6-months since Pearl Pinson's abduction in Vallejo
VALLEJO, Calif. (KTVU) - A vigil was held Friday night in Vallejo to mark six months since a 15-year-old girl was abducted on her way to school. Pearl Pinson hasn't been seen or heard from since.
Authorities know who did it, but they don't know what he did with Pearl.
"Every day, we're hoping to wake up to that phone call that she's home," Pearl's sister Rose, 18, told KTVU, at the site of the kidnapping, Home Acres Avenue and Taylor Avenue.
"Everybody put your candles up," instructed Rose, to a few dozen family and friends who gather on the 25th of each month at the overpass on Interstate 780.

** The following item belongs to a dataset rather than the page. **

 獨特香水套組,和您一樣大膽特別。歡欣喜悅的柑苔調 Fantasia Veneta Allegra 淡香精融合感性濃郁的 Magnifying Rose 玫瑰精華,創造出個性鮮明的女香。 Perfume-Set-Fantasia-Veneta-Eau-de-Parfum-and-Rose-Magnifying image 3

"I love you Pearl, we love you, stay strong, Amen," everyone chimed in.
On May 25, as Pearl walked to catch her bus to school, she was attacked and dragged across the elevated walkway and into a car.

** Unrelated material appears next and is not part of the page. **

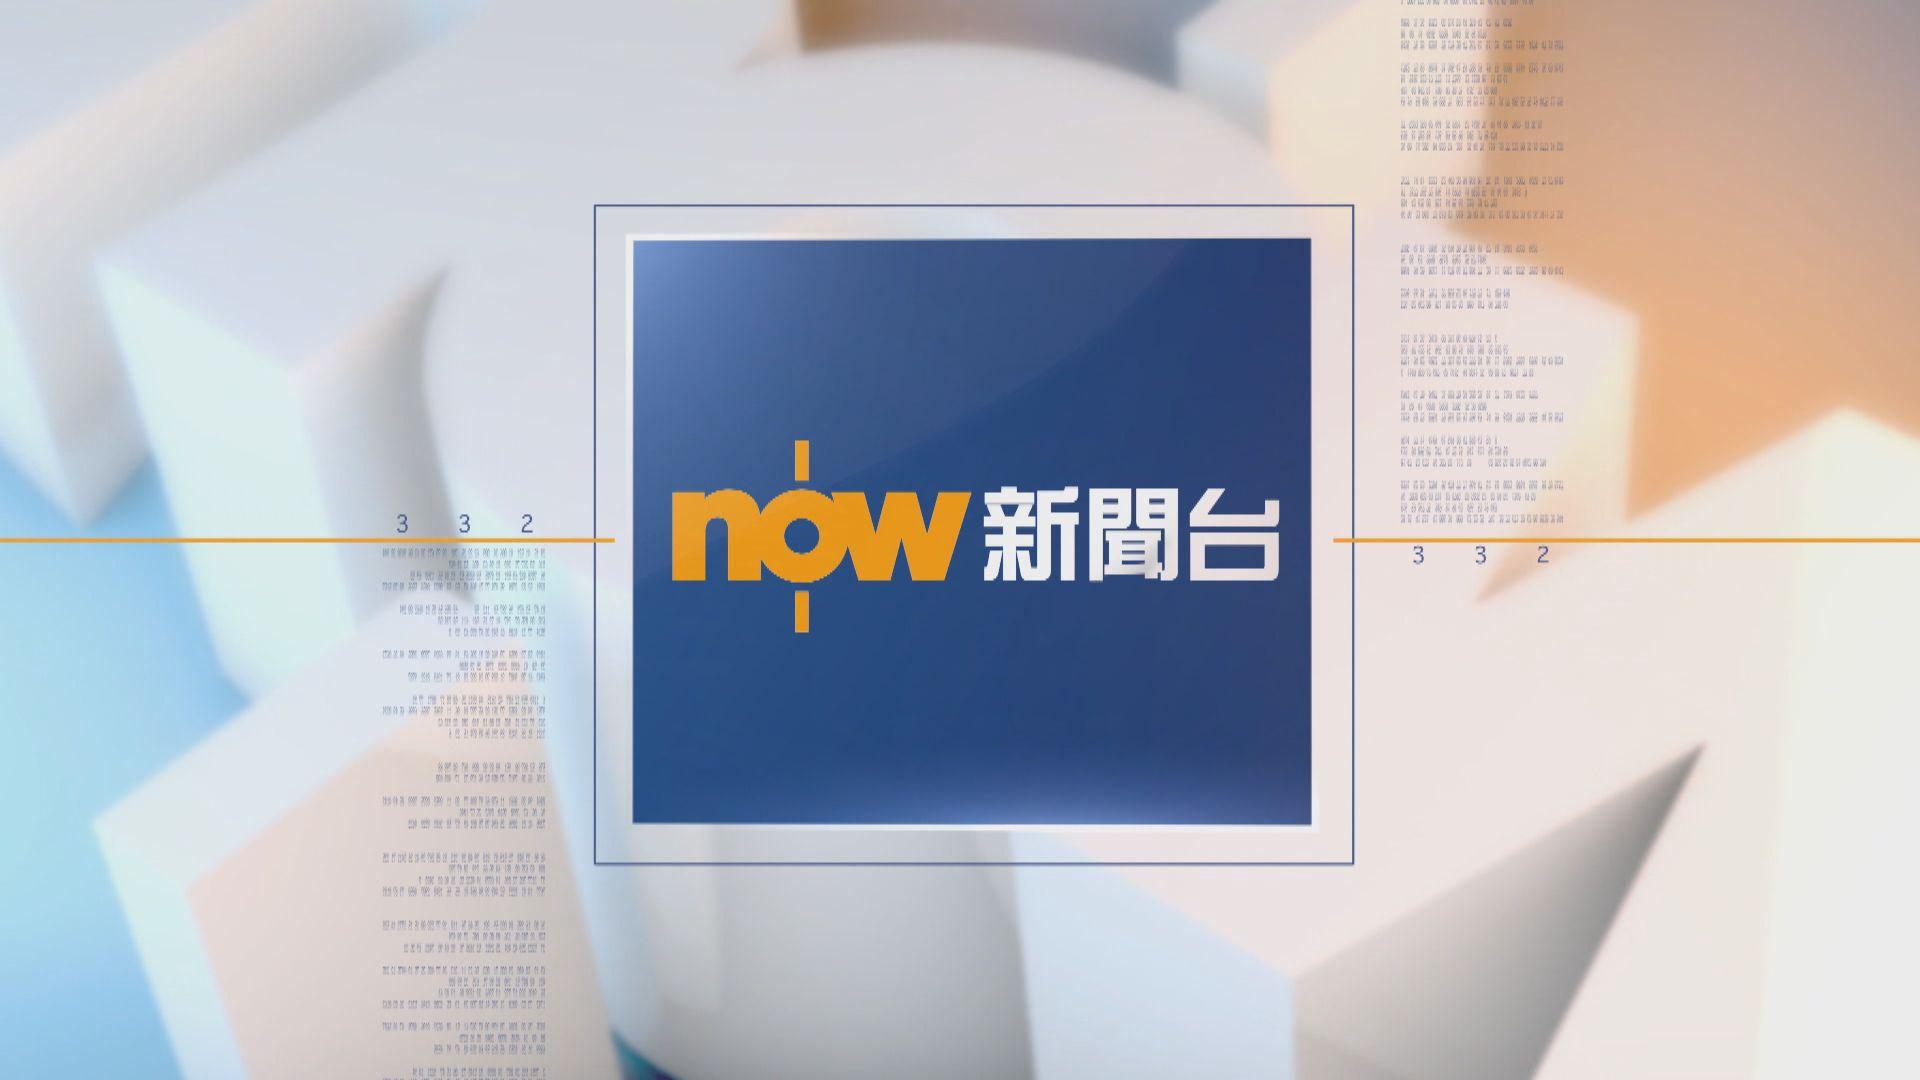 【招聘啟事】Online News Editor

A witness heard her screams and tried to intervene.
He found a gun pointed at him, and as he ran away, he heard shots.
Pearl's blood was found on the ramp.
"It was all over, and we cleaned it up because there are children on this overpass all the time," said Rose, showing where posters, paper flowers, and painted messages to Pearl adorn the spiral ramp now.
"This was my last place my little sister was seen at," Rose explained," and she was fighting for her life after he took her for no reason."
The abductor was Fernando Castro, 19, who lived in the same neighborhood, but was unknown to Pearl and her family.
The day after she disappeared, Castro was spotted some three hundred miles away in Solvang, and killed in a shootout with pursuing sheriff's deputies.
Castro was known to have traveled as far north as Sonoma County, as far south as Santa Barbara County, but searches have not turned up any trace of Pearl.
"Our hope is that we'll find her alive, " lead detective Sean Mattson, of the Solano County Sheriff's Department, told KTVU. "At this point, she could be anywhere."
Tips have come in, but haven't panned out.
"We've had it where they believe they've seen her, and we'll go to the location, for example a bus stop, and we'll get the video and it's obviously not her. But we want people to call in," urged Mattson.
Pearl's best friends say she likes to draw and skateboard, and that their lives are quieter without her laughter, and big personality.
"It's been half a year now and it's just not the same without her," friend Melina Caprio told KTVU.
"We're always loud, we're always crazy, and Pearl was always the one cracking the jokes, no matter what the situation.
"It's just kind of hard," admitted friend Ashley Zahner, "because I had my last two periods with her, and I used to turn around to tell her something and she wouldn't be there."
Those who love Pearl vow to keep their hopes up, and keep lighting her way back with monthly vigils.
"It feels like nobody cares anymore, but my family, her friends, our community, we're not giving up on her until she's brought home," declared Rose.
The group signed, then hung a banner, over the busy freeway.
vPearl would be a sophomore at Jesse Bethel High School this year, and her sixteenth birthday is December 15.